Pearls of Lidia’s Wisdom Part II

Reflecting upon the 4 sessions I spent writing with Lidia Yuknavitch, memoir goddess and fantasy mother-figure to my wounded child-soul, I’m inspired to share some direct quotes from the workshop. I’m a fan of direct quotes and did my best to record Lidia’s one-liner’s word-for-word. Let’s get started:

“I can write about rocks and water for ten pages and tell you more about my life than if I told you the top ten events of my life.”

“Your objects and metaphors will carry the weight of your truth, will carry your story.”

“Don’t explain shit to the reader.”

“Trick the audience in the beginning, such as, start out with a fairytale-sounding-story then let it disintegrate and achieve your own voice.”

“Find the music of your own voice.”

“Repeat things and they take on weight.”

“There is developing your voice and then there is masturbating (i.e. doing what you already do). You want to continue to develop your voice.”

What do you think about these quotes? Do you like them? Do they make sense to you and for your writing? I think they’re gold. To a certain extent of course–to the extent that they work for me. For example, “Don’t explain shit to the reader?” I love the idea of leaving things up to the imagination. Read Lidia’s memoir The Chronology of Water and you will find a story about sexual abuse with a bunch of big, gaping holes. Wait, what really happened? Was it worse than we thought? Not as bad? Who knows, damn Lidia…but at the same time I don’t want my memoir to read like a movie watched when at the end you No, wait, what? I’m gonna have to watch that one again. I want the reader to understand the first time, but yes, to be left with a sense of mystery, a sense of: No, this isn’t a tell-all. You’re gonna have to call me or lay me or get me drunk to find out the rest.

The Chronology of Water is my second model-memoir. Model-memoirs are memoirs that I study. I don’t copy…that would be too hard, to do exactly as they did, in every area of the book. No, it’s not that at all. I’d be surprised if when my book is published, a person could look and say Ah , she definitely used Lidia Yuknavitch as inspiration. But you never know. Model-memoirs are just books I use as rough references for what I’m going for. Things as simple as chapter length and how the author begins a story. I’m gleaning from Lidia wisdom on creativity, and brave-writing to the maximum.  Loose writing. Free writing.

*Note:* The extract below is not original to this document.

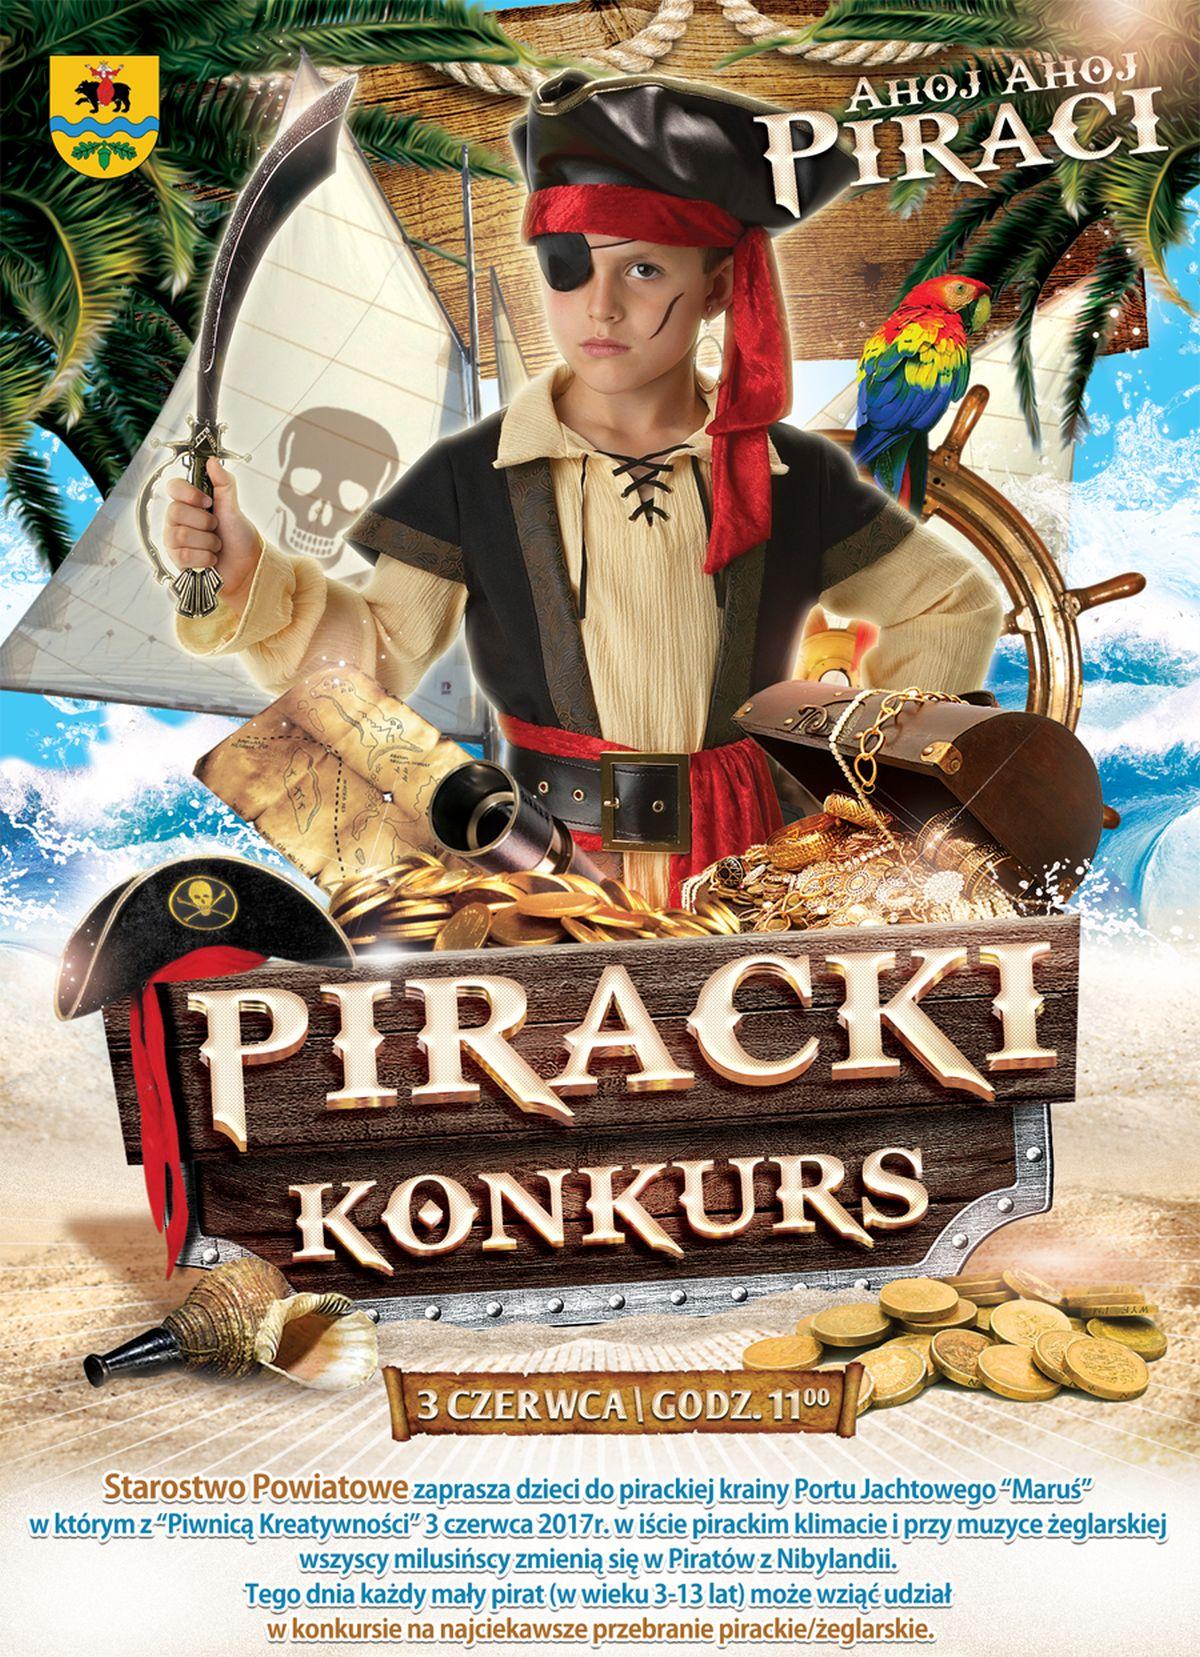 Piraci.jpg

My other, first-discovered model-memoir is Jeannette Wall’s The Glass Castle. Jeannette Wall’s has a very to-the-point, factual, journalistic voice. She is in fact a journalist. When I first began writing my memoir, I used her approach: just tell the story, as it happened and let the reader decide what to think of it. Little retrospection. I was unable to reflect at that point. Didn’t want to think about how I felt about things. Now, I’m able to do that. It happened before Lidia’s workshop, that I began to “open up” in my writing. Less what happened and more I was fucking pissed, scared, sad, lying, a dirty-girl.

Lidia and Jeannette are two very different writer’s. Studying them both has and will continue to be somewhat of a tug-of-war, in the best of ways…a challenge and I love those.

5 thoughts on “Pearls of Lidia’s Wisdom Part II

    1. They do offer it on Kindle, I believe, where I am at least. Horray for ordering The Glass Castle! That is wonderful! However I HIGHLY recommend Lidia’s book, its a stunner.

      Thanks for reading my post dear! Chat again soon!